_PROBLEM DESCRIPTION_
Once you reach the line that holds "Humor and caricatures" in the listing below, output it and every line after it through the line that holds "Thanksgiving Feast Cupcakes", word for word.

━━━ DATASET ENTRIES ━━━

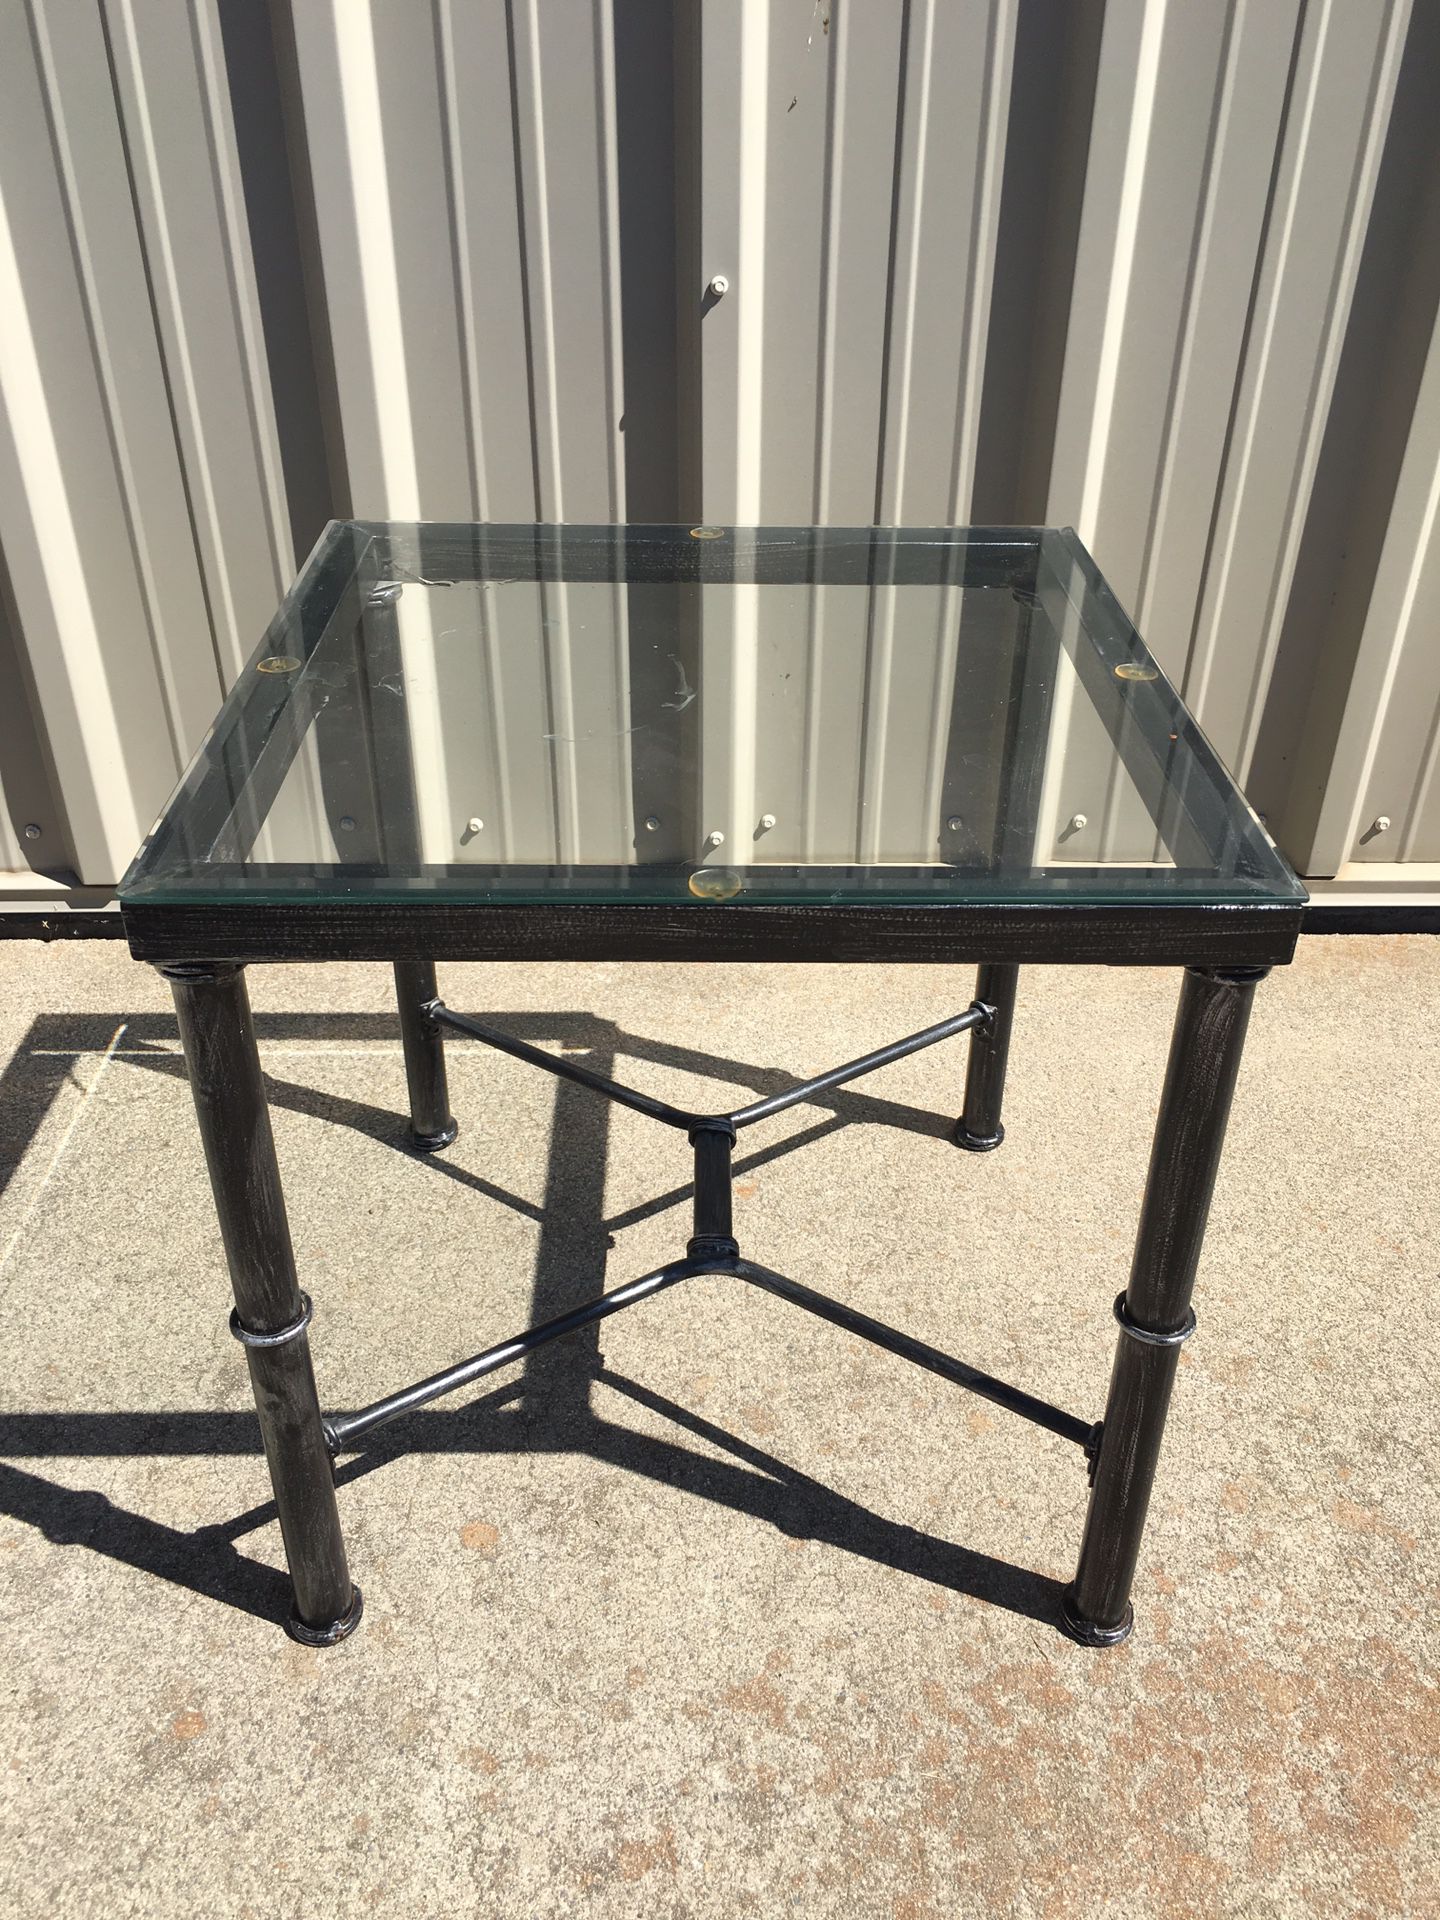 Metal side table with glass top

━━━
━━━ DATASET ENTRIES ━━━

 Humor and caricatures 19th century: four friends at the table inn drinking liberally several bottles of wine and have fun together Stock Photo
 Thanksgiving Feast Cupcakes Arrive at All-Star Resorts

━━━

_RESPONSE BELOW_
 Humor and caricatures 19th century: four friends at the table inn drinking liberally several bottles of wine and have fun together Stock Photo
 Thanksgiving Feast Cupcakes Arrive at All-Star Resorts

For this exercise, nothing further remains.